Long-term implications and future possibilities
Although the highlighted simplicity suggests promising prospects, there are potential future challenges that should be contemplated. For instance, mastering both Python and R to take advantage of the complementarity might be overwhelming for budding data scientists. There might also be integration complications as conflicts may arise due to the languages’ discrepancies. Nonetheless, the overarching implications are vast and exciting in the long term. Data Science might evolve into a more inclusive discipline, indifferent to a data scientist’s language of preference.

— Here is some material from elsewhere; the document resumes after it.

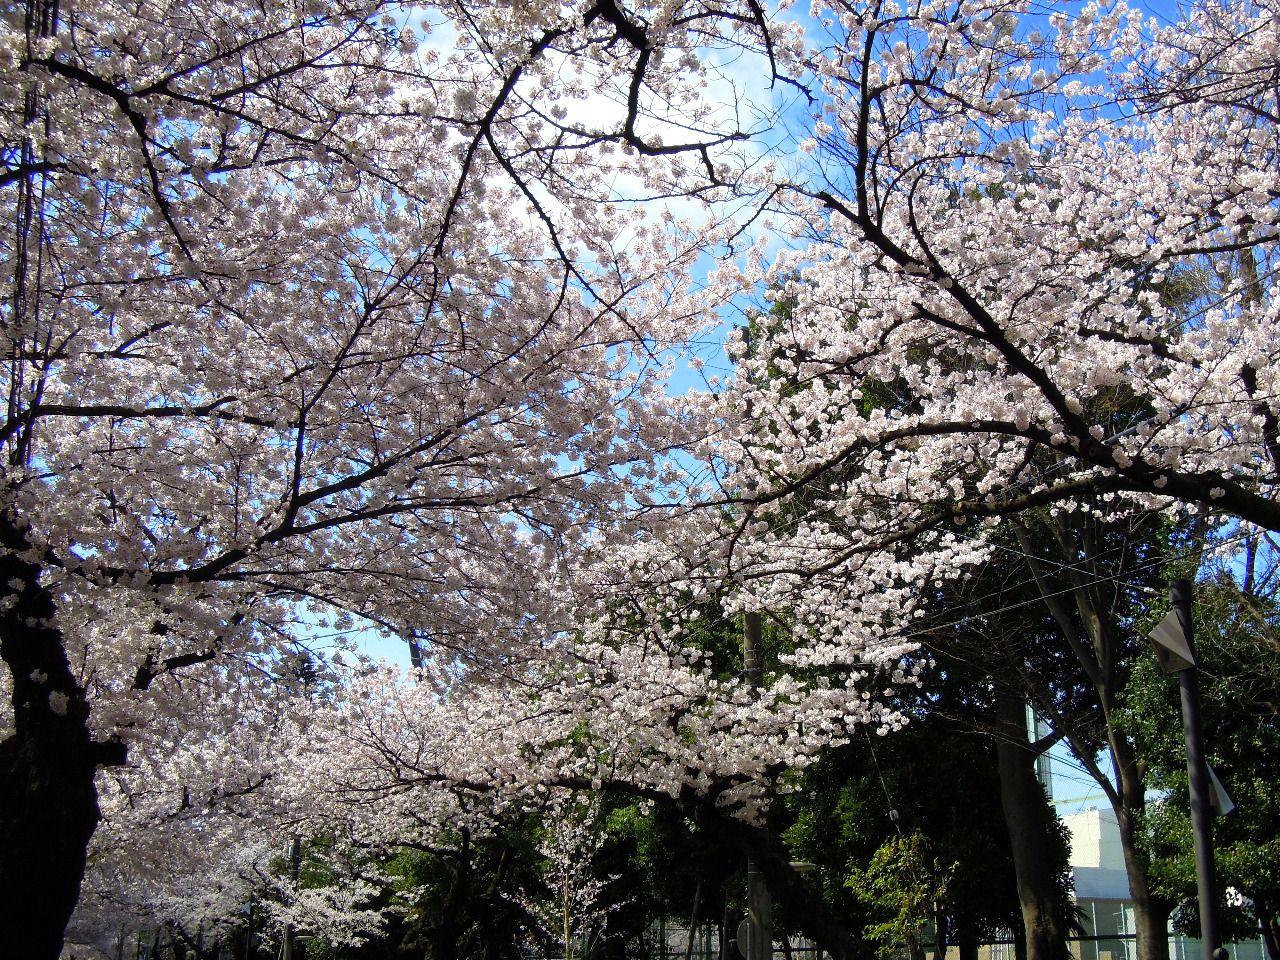 武蔵野桜まつりは2017年4月2日(日)に市民公園をはじめ、体育館周辺で開催されます。市役所前の桜で春を満喫しましょう

The resultant flexibility could trigger more creativity and innovation, thereby transforming solution-building by making it more comprehensive and versatile.
Actionable Advice
For Educators:
- Encourage students to learn and appreciate both Python and R by highlighting the unique strengths of each and potentially complement these strengths using Reticulate.
- Adjust the syllabus to cover fundamentals of both languages and dive deeper into each based on the topic or task at hand.
For Practitioners and Industry Professionals:
- Take advantage of the Reticulate package to leverage Python’s extensive libraries and R’s intuitive data handling and visualization capabilities.
- Be open to learning aspects of the “other” language to expand your capabilities and enhance your versatility as a data professional.
For the Data Science Community:
- Promote more discussions on sharing best practices, winning combinations and synergy between the two languages.
- Working closely with the Reticulate development team to iron out potential hiccups and integrating this tool more deeply within the data science workflow.
Conclusion
With the ability to harness the power of R’s robust data manipulation and visualization along with Python’s extensive user base and vast library selection, the Reticulate package substantially expands the horizons of what can be accomplished within a single environment. Though it’s a significant step in data science evolution, collective efforts towards improvement and wider adaptation are crucial to fully realize its vast potential.